NCC Group’un bir parçası olan Fox-IT’den araştırmacılara göre, dünya genelinde yaklaşık 1.900 Citrix ağ ürünü, CVE-2023-3519’u hedefleyen büyük ölçekli bir otomatikleştirilmiş kampanyanın parçası olarak arka kapıya takıldı. Saldırgan, kalıcılık sağlamak için savunmasız Citrix NetScaler Uygulama Teslim Denetleyicileri (ADC) ve Citrix NetScaler Ağ Geçitlerini istismar etmiş ve bunlara Web kabukları yerleştirmiş gibi görünmektedir.
Web kabuğunun varlığı, cihaz güncellendikten ve/veya yeniden başlatıldıktan sonra bile, saldırganın rastgele komutları uzaktan yürütmeye devam edebileceği anlamına gelir. Geçen ay, güvenlik açığı ilk kez ortaya çıktığında ve güncelleme yayınlandığında, Mandiant araştırmacıları, saldırganların NetScaler yapılandırmasını değiştirmek ve işlemleri ve hizmetleri durdurmak veya devre dışı bırakmak için kullandıkları yarım düzineden fazla Web kabuğu tespit etti.

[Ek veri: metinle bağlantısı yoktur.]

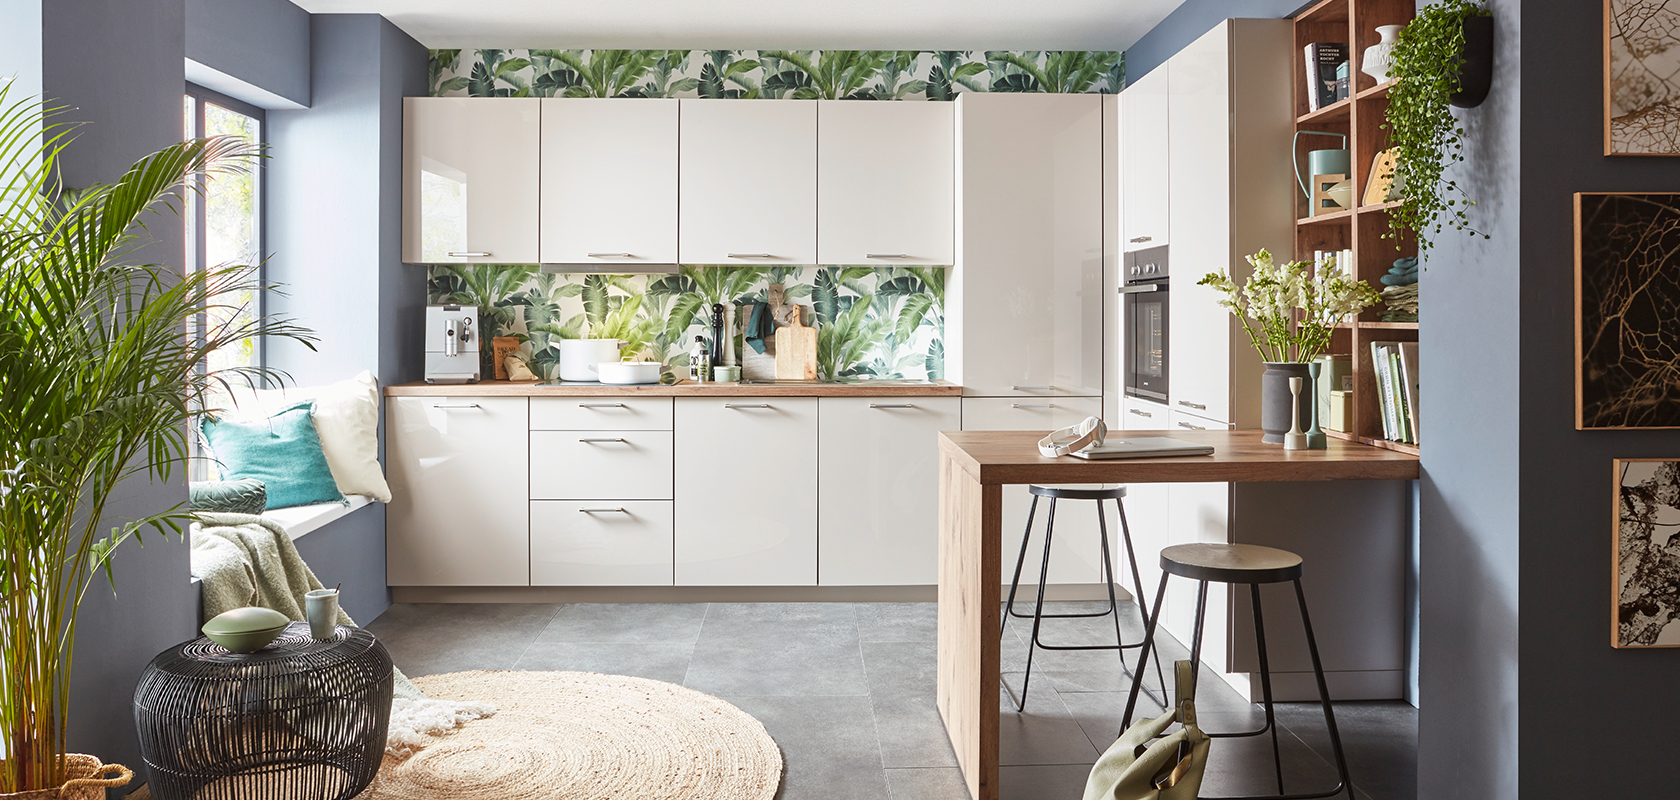 Interni di cucina moderna con armadi bianchi, carta da parati tropicale, piano di lavoro in legno, sgabelli da bar eleganti e accenti di piante verdi che creano uno spazio accogliente e contemporaneo.

Mandiant araştırmacıları o sırada “Özellikle en az 2021’den bu yana, siber casusluk tehdit aktörleri, kurban ağlarına kalıcı erişim elde etmek ve tespit edilmekten kaçınmak için uç cihazlara, özellikle güvenlik, ağ oluşturma ve sanallaştırma teknolojilerine odaklandı.”
Fox-IT araştırmacılarının 20 Temmuz ile 21 Temmuz arasında gerçekleştiğini tahmin ettiği bu otomatikleştirilmiş kampanya sırasında, 31.127 NetScalers bu uzaktan kod yürütme kusuruna karşı savunmasızdı. 14 Ağustos itibarıyla 1.828 NetScaler’ın bir tür arka kapısı var. Güvenliği ihlal edilmiş sistemlerden 1.248’i bu güvenlik açığı nedeniyle zaten yamalanmıştır.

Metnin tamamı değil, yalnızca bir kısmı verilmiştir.